January 25, 2009

Book Review: RESTful .NET by Jon Flanders

As Jon Flanders explains early on in his enjoyable book, Representational State Transfer (REST) is a set of guidelines on how to architect your web applications. Because it is tightly aligned with HTTP, architectures that follow the principles of REST are able to hook into a number of benefits that come built into the technologies that surround the web.

Flanders delves into REST briefly, but he does it well enough that you understand its value even if you haven't consumed the groundbreaking book RESTful Web Services.

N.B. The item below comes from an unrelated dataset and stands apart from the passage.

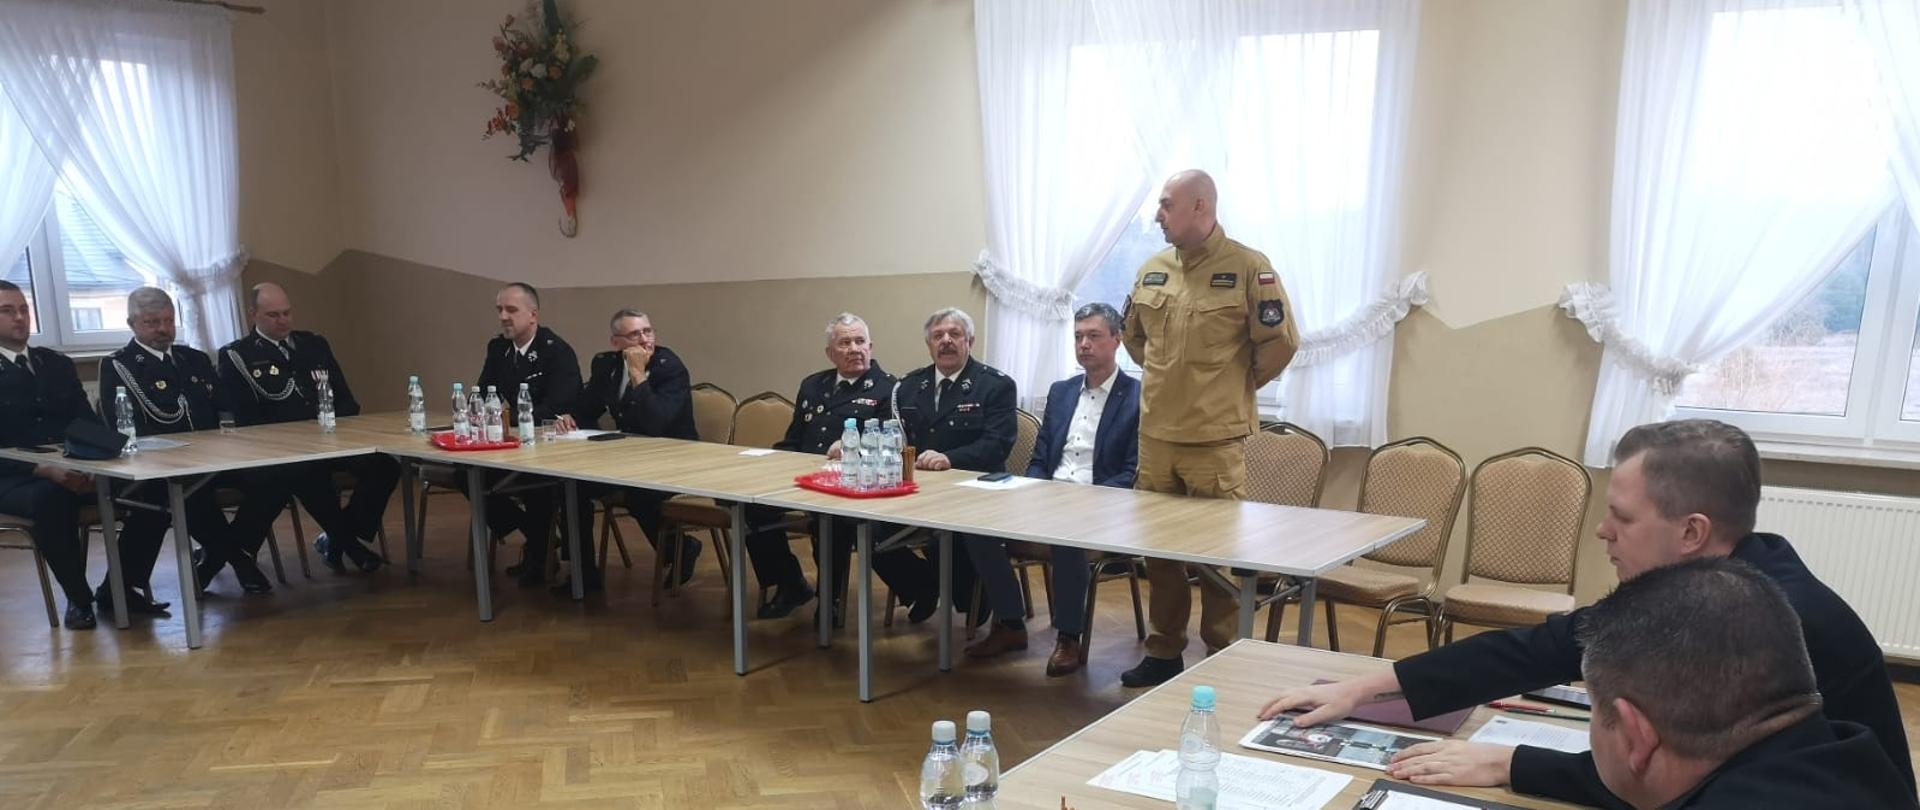 Zdjęcie przedstawia gości i organizatorów spotkania sprawozdawczego Ochotniczej Straży Pożarnej w Woli Murowanej.

The transition to programming REST using .NET is just as nicely handled. Windows Communication Foundation is a sprawling technology precisely because it is a model that covers a wide variety of programming paradigms (it supports a multitude of protocols like messaging, HTTP, SOAP, etc).

There is a quick tutorial on implementing HTTP services using WCF - which serves to remind us that WCF isn't only tightly coupled to SOAP. The rest of the book is divided up into chapters that zero in on specific implementation using WCF: Read-only services, Read/Write services, RESTful services and Feeds. Flanders also covers both server side implementation and client-side consumption of the services. There is coverage of Ajax and Silverlight clients and a short chapter on using WCF Workflow to deliver the REST services.

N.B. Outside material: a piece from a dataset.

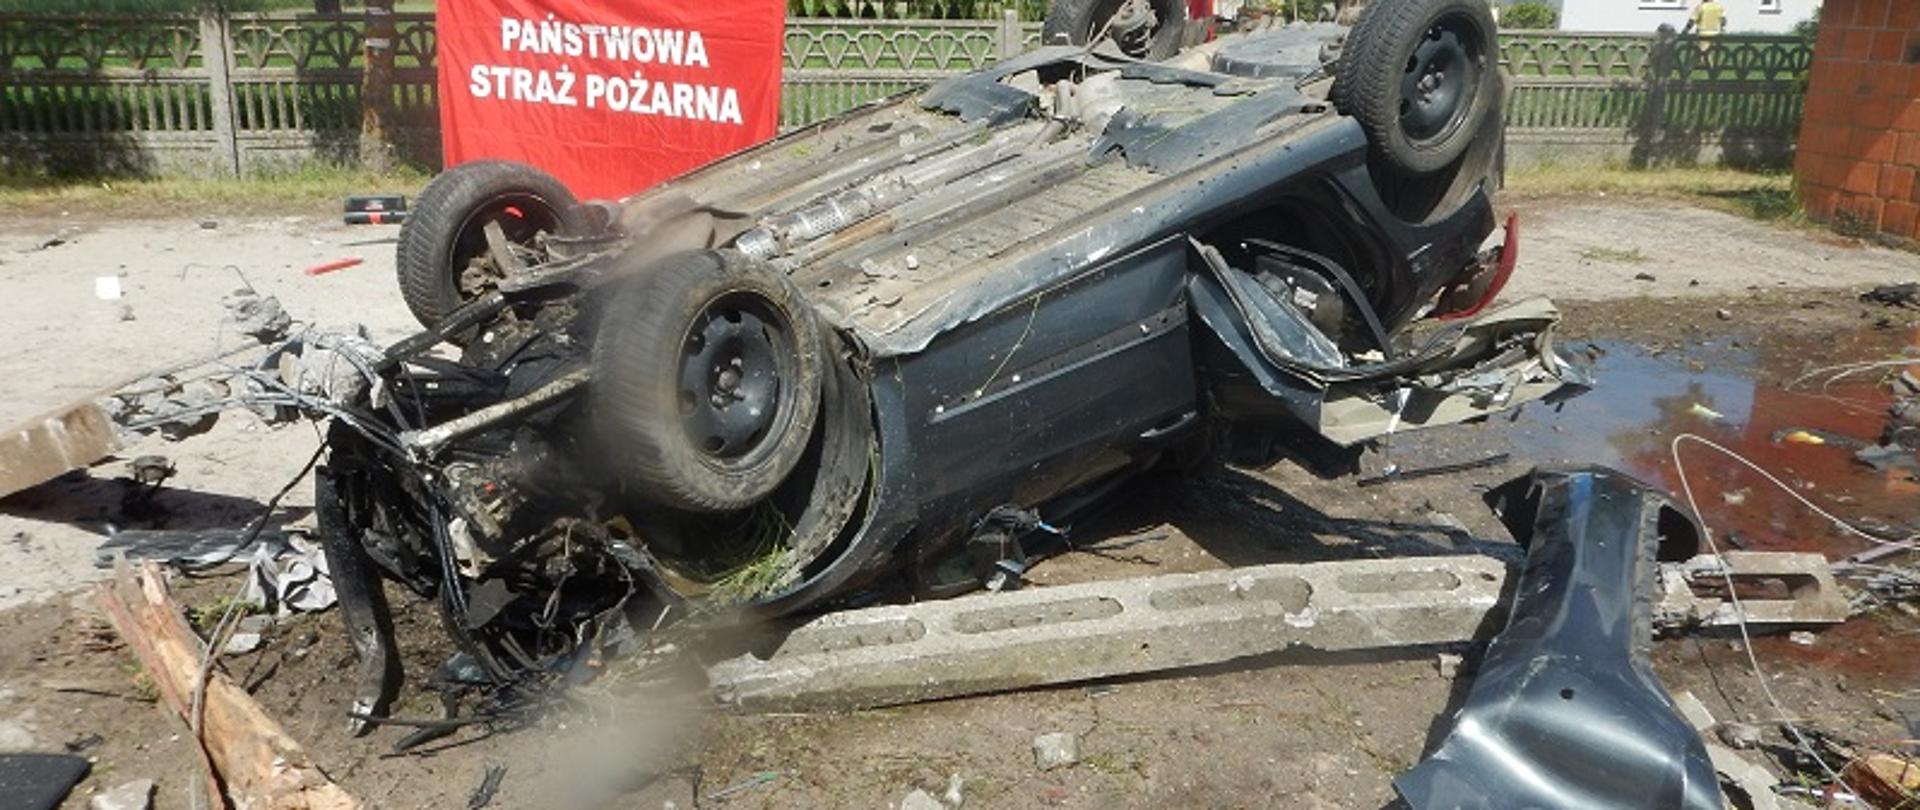 Zdjęcie przedstawia samochód osobowy po wypadku drogowym

The value of the book is that it zeroes in on the essentials and provides very lean tutorials

RESTful .NET's biggest strength is that it is concise, clear and lean. To that point, you need the basics of HTTP, SOAP, WCF, XML, C# and (briefly) ASP in place to fully appreciate the book. The most valuable chapter for me was the one in which Flanders covers programming feeds. But there is enough diversity in terms of types of constructs implemented, that you'll find something of value here.

Highly recommended if you are a Windows Web programmer and have a growing interest in REST.